Bereinigung der KV-Honorare bei Selektivverträgen

Artikel aus der Frielingsdorf Newsletter-Ausgabe 1/2010
Wenn in einer Region ein Selektivvertrag oder ein Vertrag zur hausarztzentrierten Versorgung geschlossen wird, können die Kassen Honorarvolumen aus dem Honorartopf der KV herausholen. Diesen Vorgang nennt man "Bereinigen". Die korrekte Herauslösung von Honoraranteilen für Selektivverträge ist jedoch kompliziert. Dies liegt u.a. daran, dass schon die Honorarverteilung im Kollektivvertrag komplexen Regeln folgt. Daher ist es schwierig, bestimmte Anteile fair herauszulösen.

Grundsätzlich gilt: Schreiben sich besonders viele multimorbide ältere Patienten in einen Selektivvertrag ein, gehen der KV höhere Honorarzuweisungen verloren – die RLV-Fallwerte sinken. Schreiben sich vor allem junge und gesunde Patienten in einen Selektivvertrag ein, gilt das Gegenteil: Die RLV-Fallwerte können sogar steigen.
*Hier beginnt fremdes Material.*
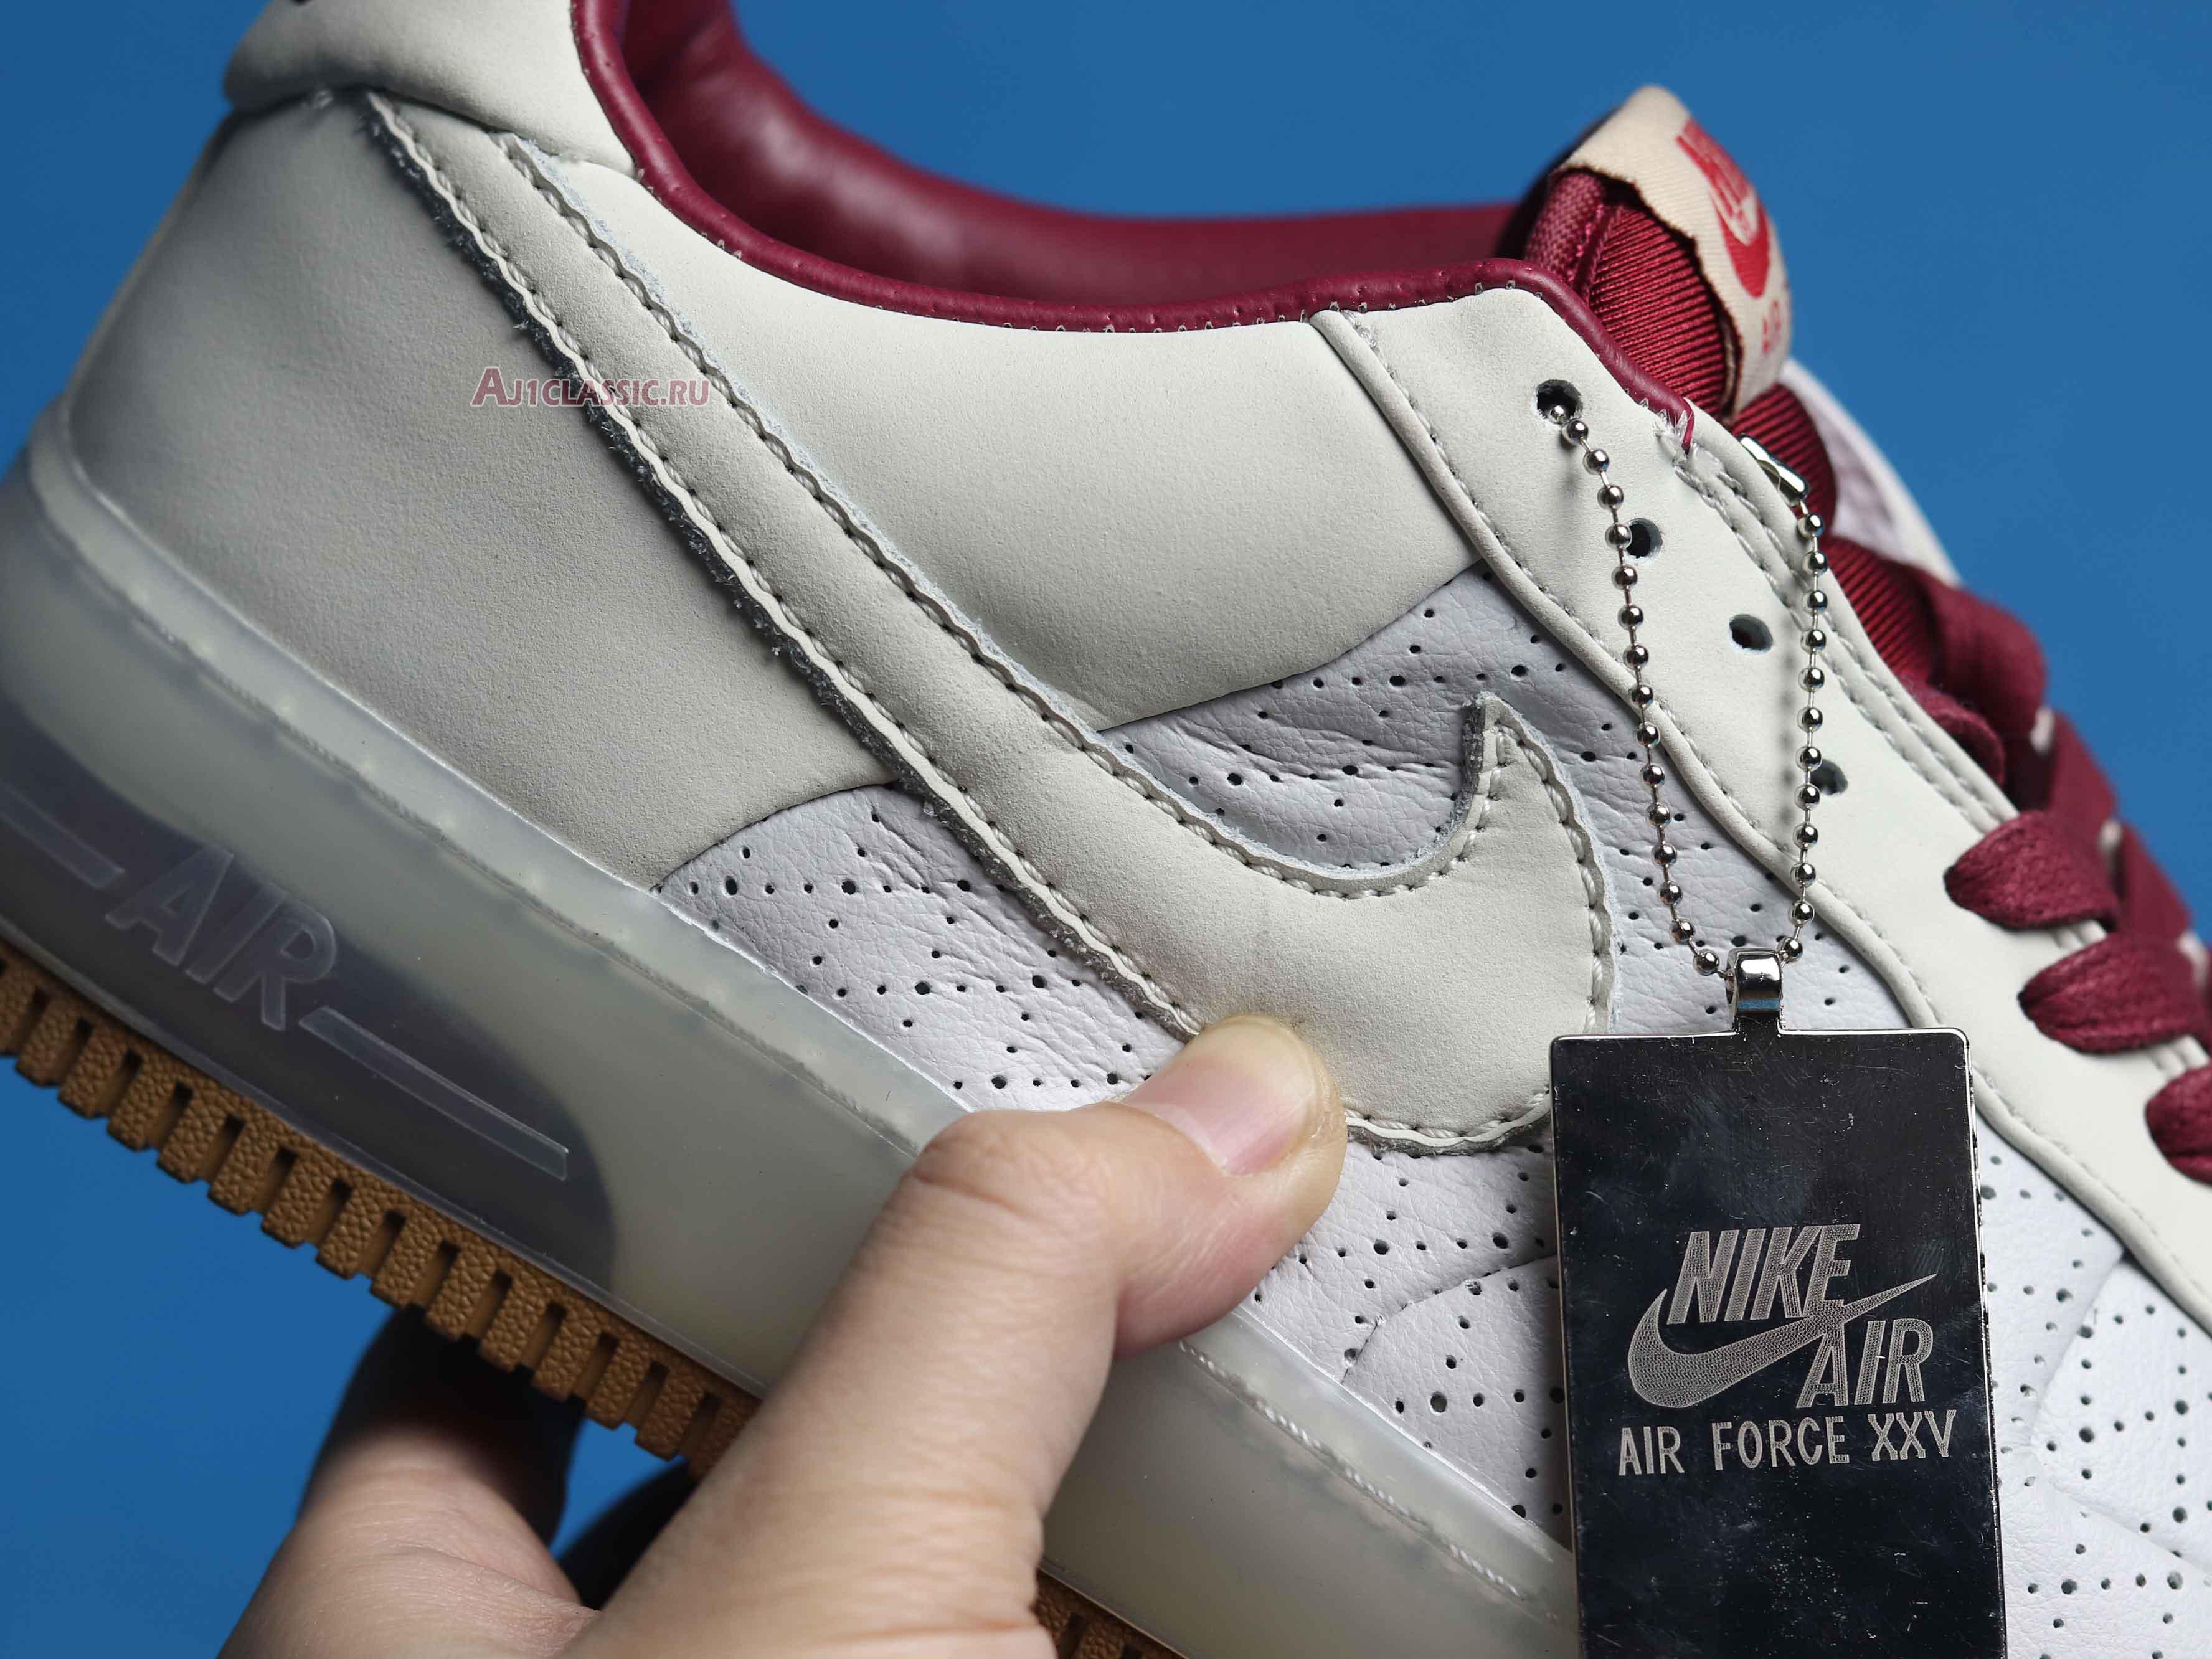 Nike Air Force 1 Supreme Max Air 318772-003

Mittlerweile ist es in vielen Fällen zu Streit zwischen den Beteiligten gekommen, z.B. in Bayern und in Baden-Württemberg, wo eine Bereinigung der KV-Honorare wegen der AOK-Hausarztverträge vorgenommen werden musste. Kritik entzündete sich vor allem an der Tatsache, dass offenbar Ärzte, die nicht an diesen Verträgen teilnehmen, Honorareinbußen im RLV zu erleiden hatten.

Der Erweiterte Bundesausschuss hat nun nach monatelangen Beratungen im Dezember 2009 Regeln für die Bereinigung sämtlicher Kassenverträge nach § 73 b und c sowie § 140 d SGB V für das Jahr 2010 festgelegt. Danach darf eine Bereinigung in der jeweiligen Fachgruppe höchstens dazu führen, dass der Fallwert im Regelleistungsvolumen um 2,5 Prozent sinkt – nicht mehr. Diese Grenze hat der Erweiterte Bewertungsausschuss gegen die Stimmen der Krankenkassen beschlossen, die dem Vernehmen nach lieber vier Prozent angesetzt hätten.